The users can (2) specify a node's size, shape, and label, and a edge's label in the textual input file; (3) contract a clan (subgraph) into a single node; (4) extract a clan (subgraph) and hide the rest of the graph; and (5) save the drawing into a file in Postscript format.

1. Introduction Directed graphs, or digraphs, are an excellent means of conveying the structure and operation of many types of systems. They are capable of representing not only the overall structure of such a system, but also the smallest details in a simple and effective way. However, drawing digraphs by hand can be tedious and time consuming, because much time can be spent just trying to plan how the graph should be organized on the page, especially if the number of nodes and edges is large. In addition, it is difficult for a user to draw a graph when the data is generated by applications (e.g., compiler-generated parse trees[l] and dialoguestate diagrams generated by reverse engineering [3]). We have developed an automated system capable of converting a textual description of a digraph into a well organized and readable drawing of the digraph.

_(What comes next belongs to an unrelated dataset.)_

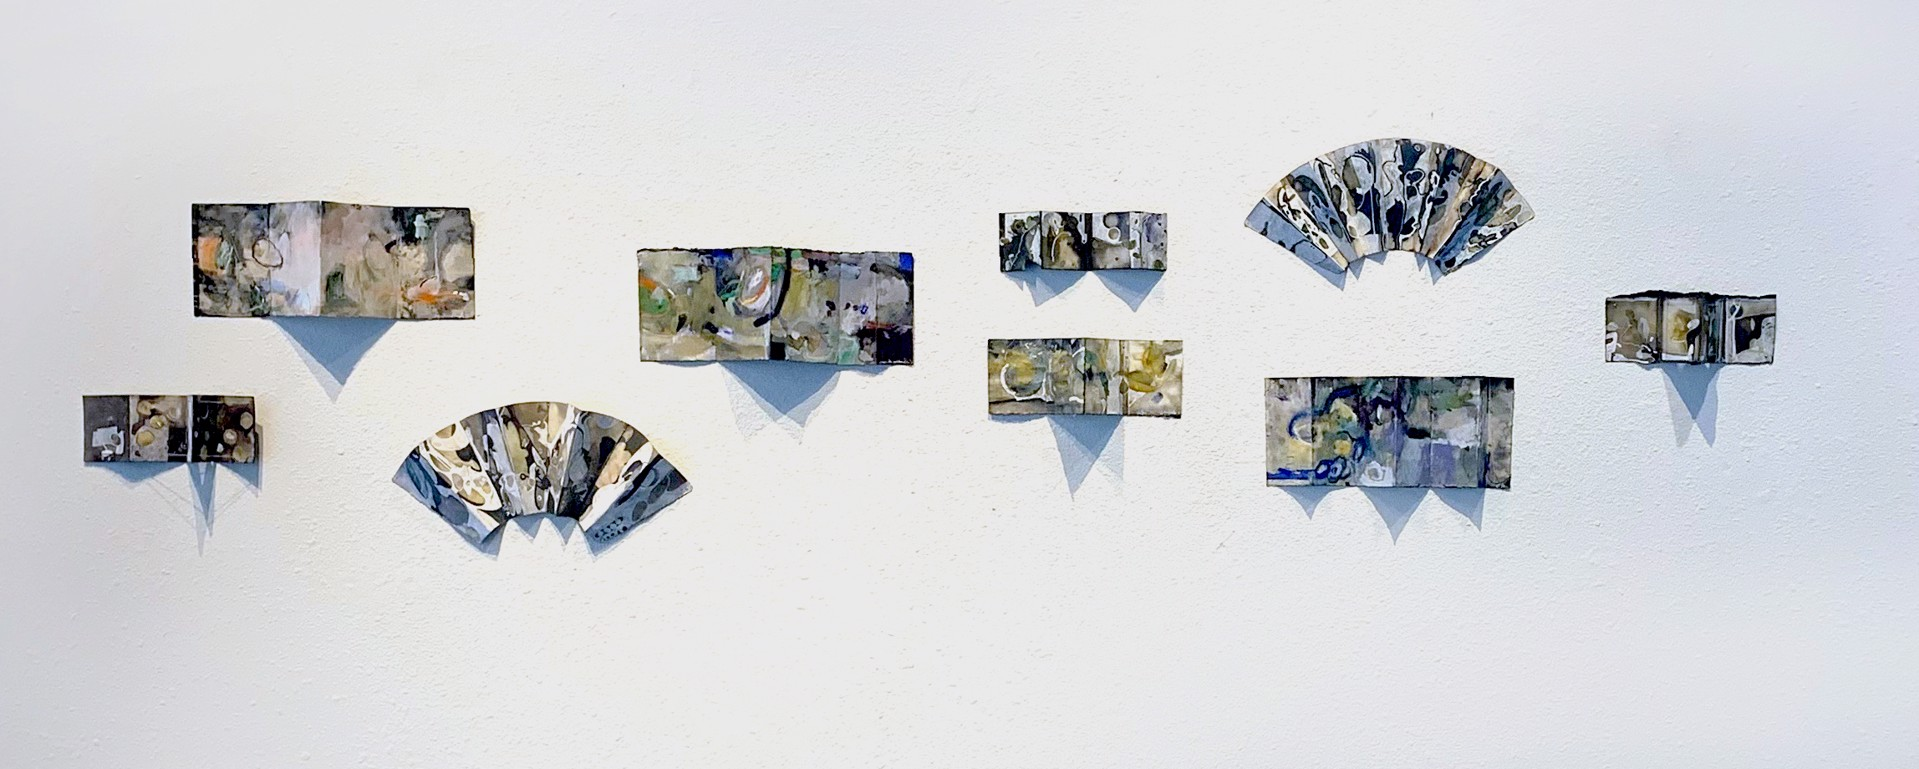 Pile-Up by Caryn Friedlander

Many researchers have studied this problem and many graph drawing systems have been developed [see 6 for complete list]. The aesthetic criteria of the systems vary. The objectives may include requirements of uniform edge length, minimum number of edge crossings, straight edges, grid drawings (edges are either horizontal or vertical), minimal bends in the edges, etc. Cruz and Tamassia [4], Tamassia, Batini, and Battista [22], and Messinger [17] have lists of aesthetic criteria of drawings. Some criteria limit the input graphs to a particular class such as planar graphs, trees, graphs with maximum degree of four, or some application-specific graphs such as Petri nets, data-flow diagrams, DBMS models diagrams, digital system schematic diagrams, PERT diagrams, flowcharts, etc. Originally, CG is designed for program dependency graphs of parallel computation, and has been adopted by social networks, automatic graphical user interface design, reverse engineering graphical representations [3]. Like dot [13, 14] and its predecessor DAG [12], CG takes a textual description of an arbitrary directed graph (digraph) and produces a visual representation of it.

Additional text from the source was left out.